§ Assignment: Word for word, repeat the data; no picture should appear in the result.

§ Source material:
##############################

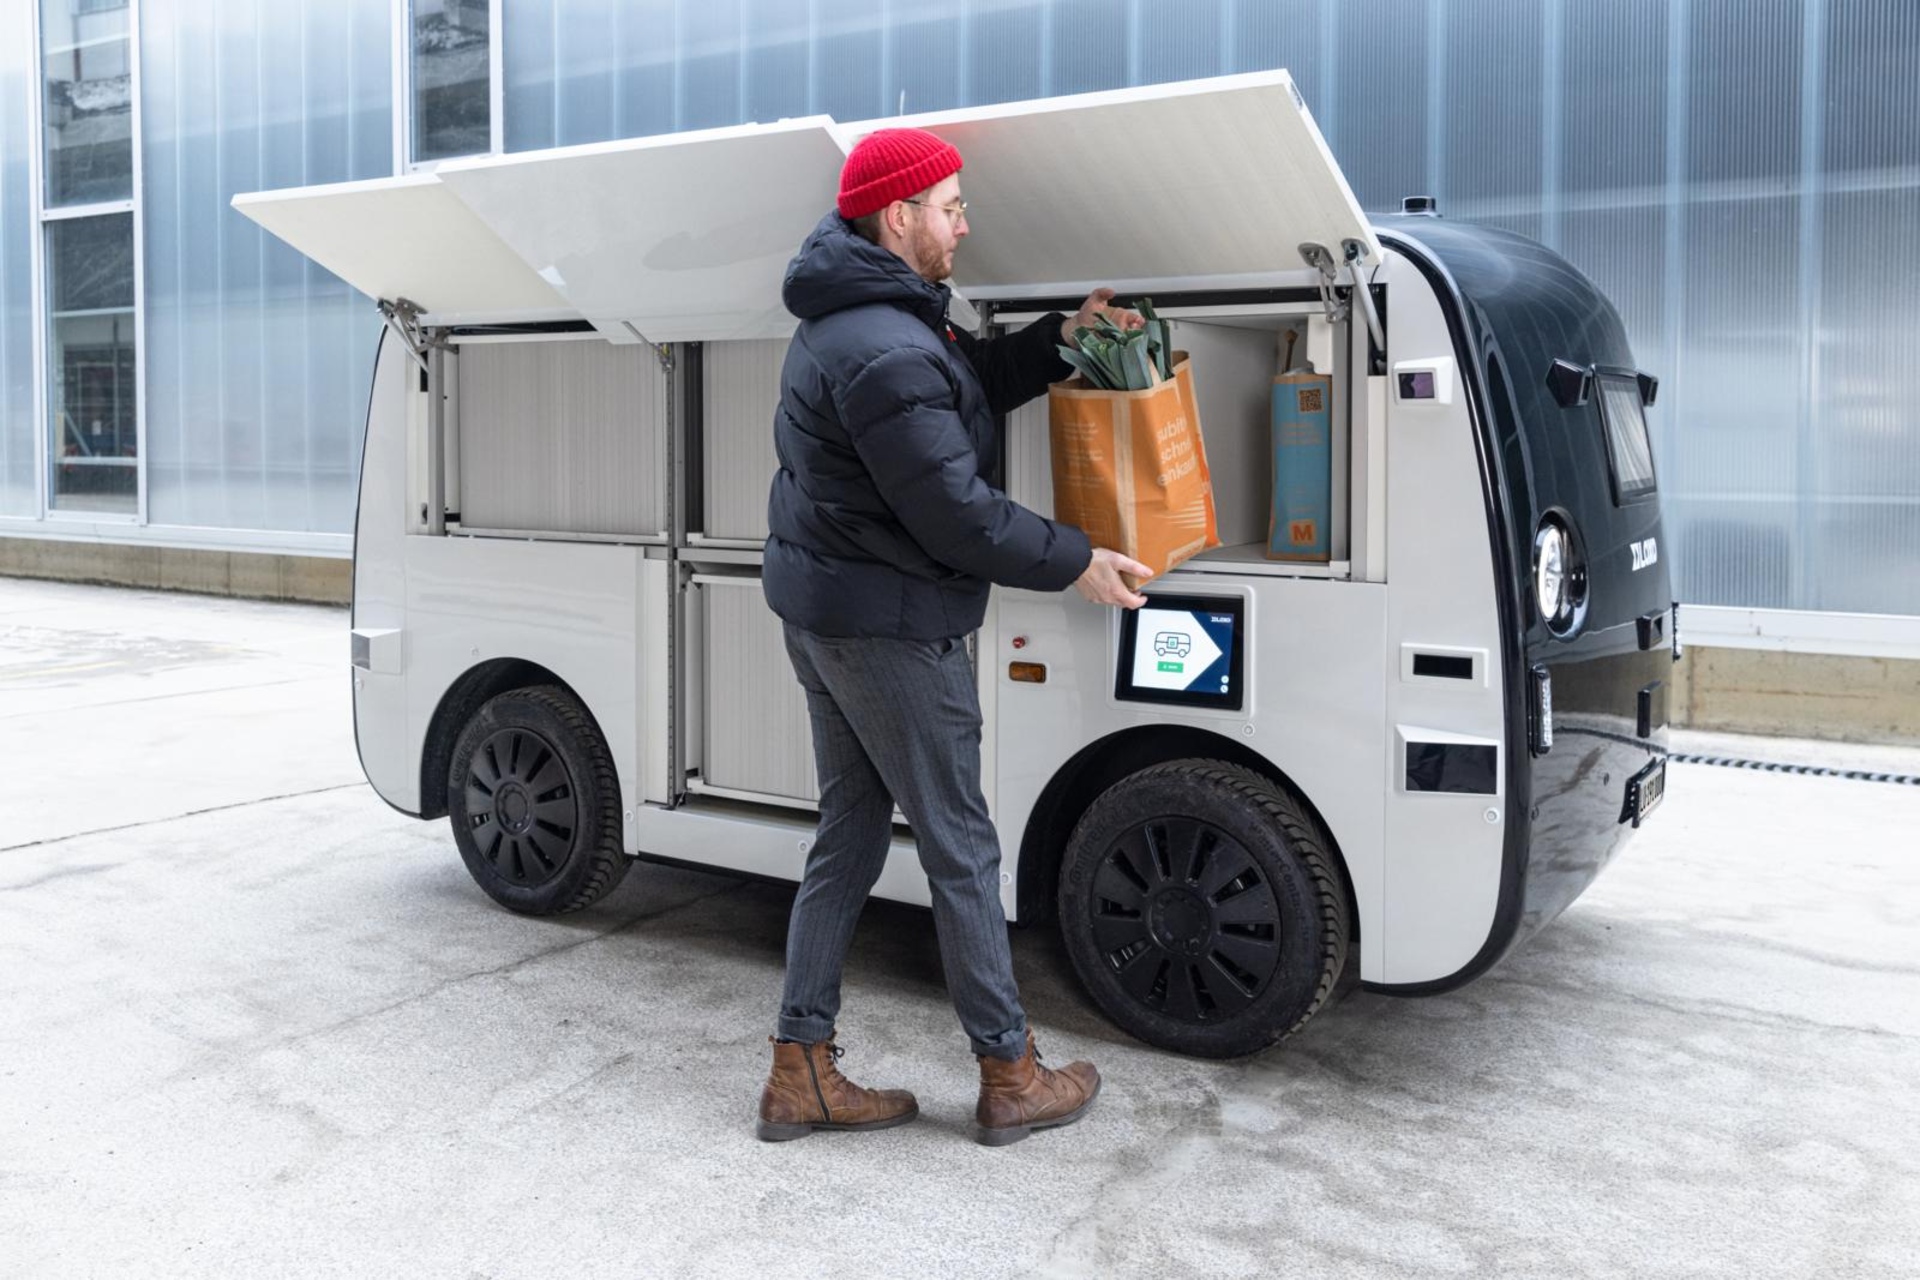 Migronomous: den selvkjørende elektriske varebilen som daglig forbinder supermarkedet Migros og Schindler-fabrikkene i Ebikon i kantonen Luzern
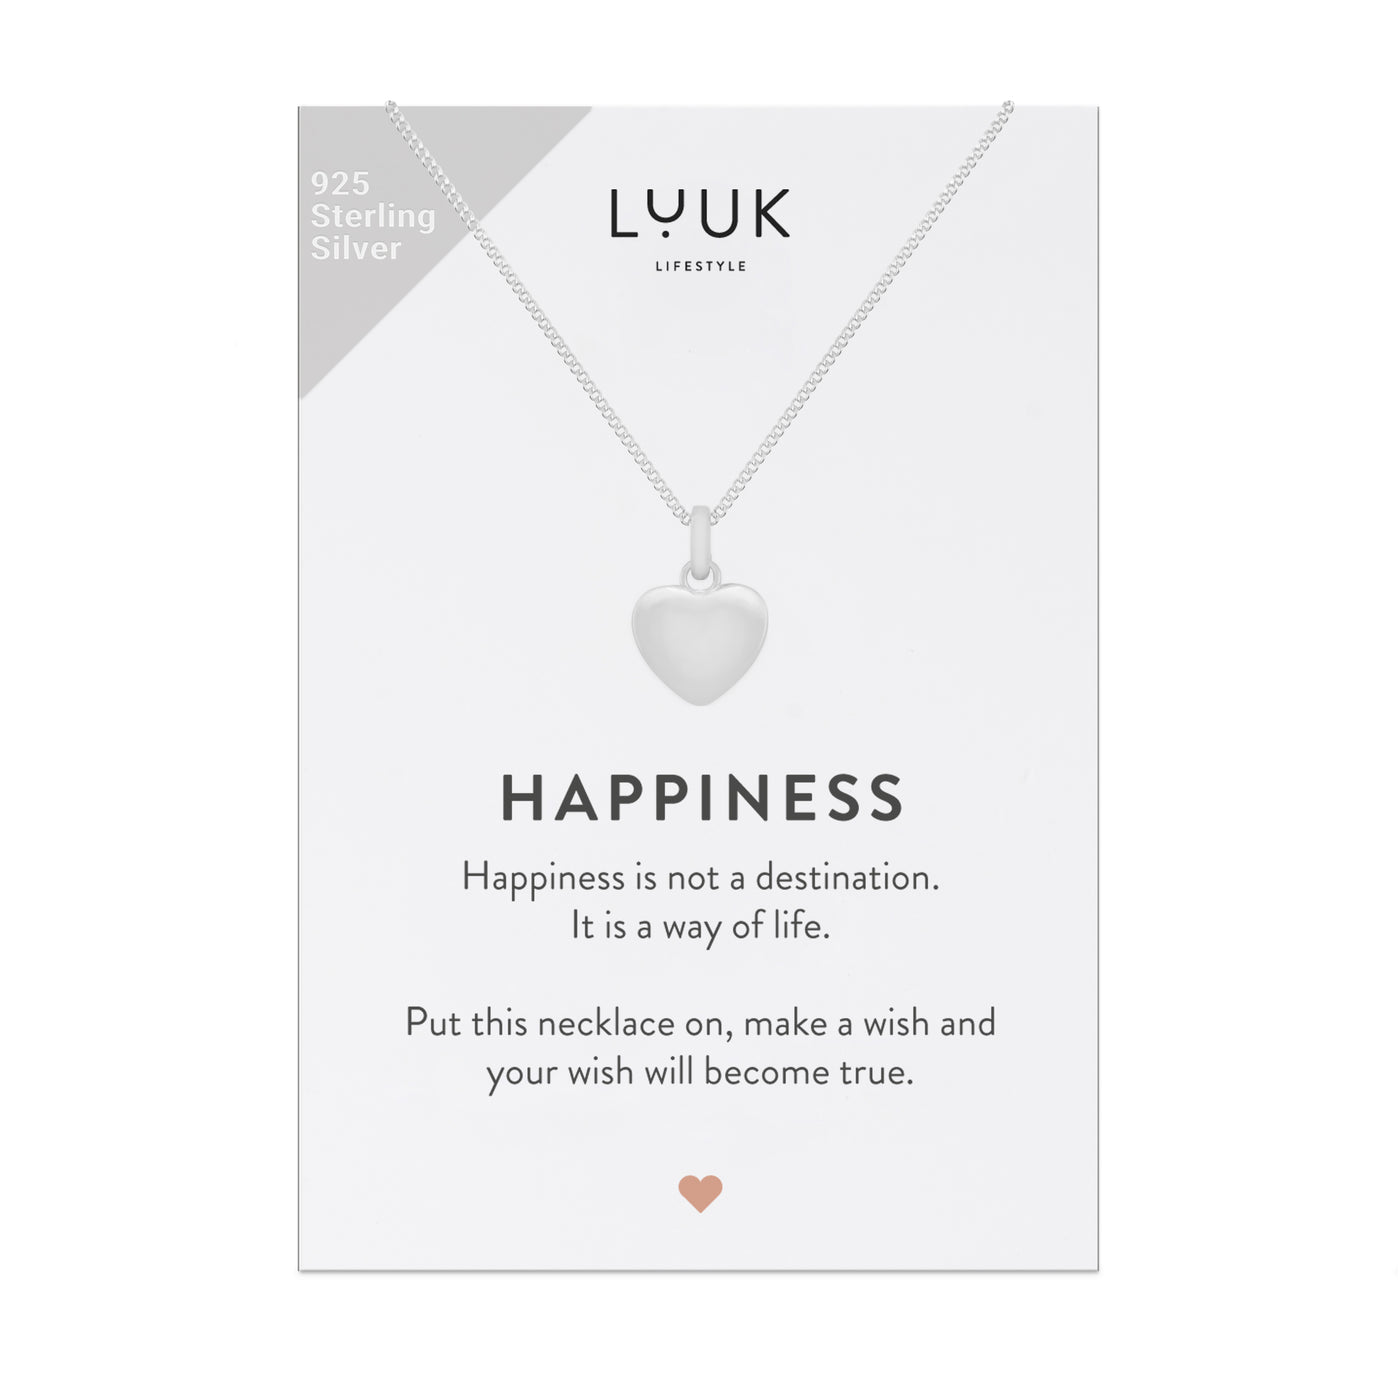 Halskette mit Herz Anhänger in 925er Sterling Silber auf Happiness Spruchkarte von der Marke Luuk Lifestyle 
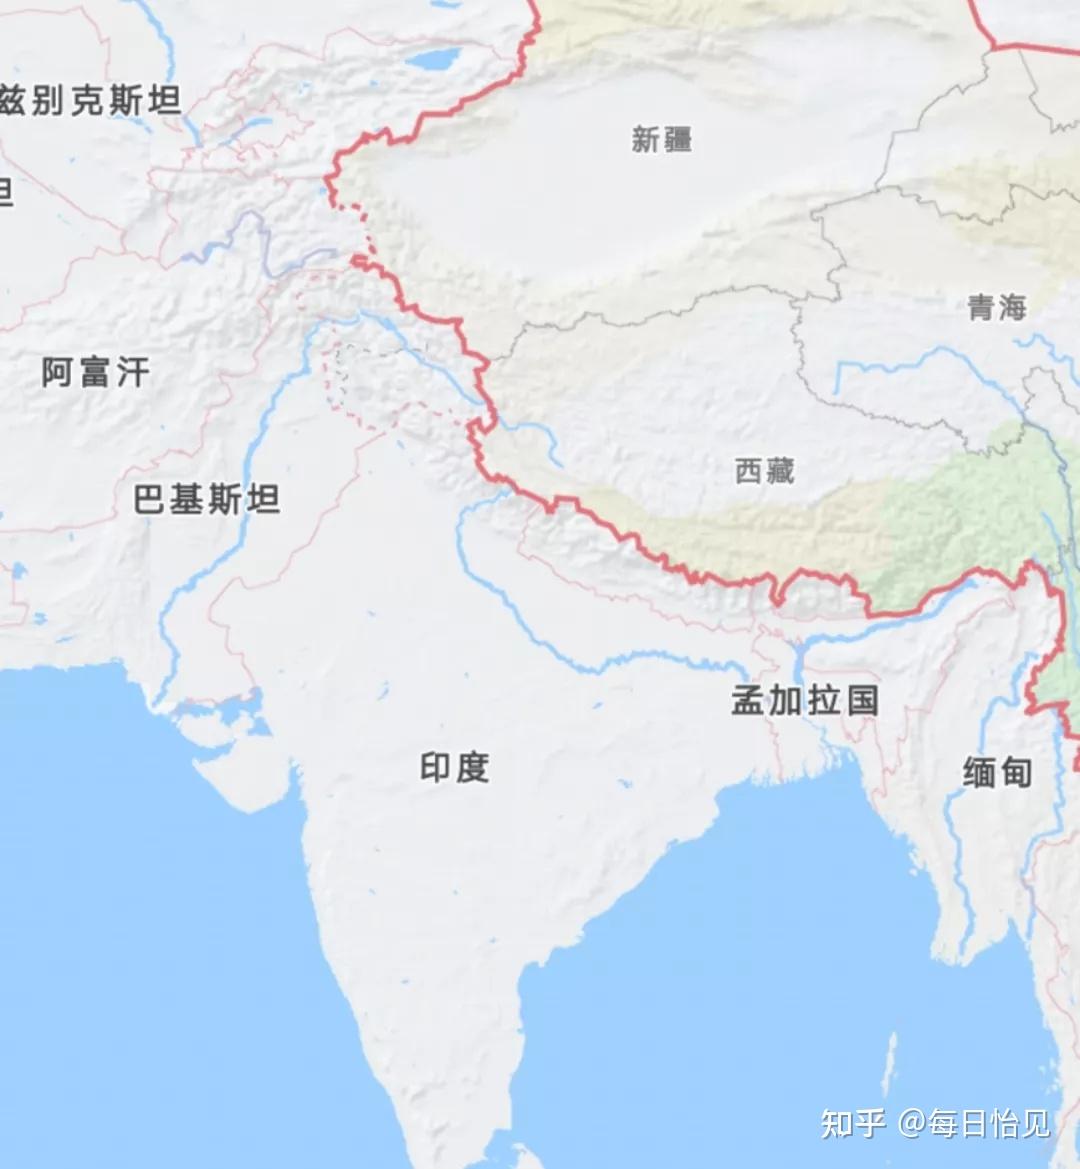 中国和巴基斯坦接壤吗图片

##############################

§ Answer box:
 Migronomous: den selvkjørende elektriske varebilen som daglig forbinder supermarkedet Migros og Schindler-fabrikkene i Ebikon i kantonen Luzern
 Halskette mit Herz Anhänger in 925er Sterling Silber auf Happiness Spruchkarte von der Marke Luuk Lifestyle 
 中国和巴基斯坦接壤吗图片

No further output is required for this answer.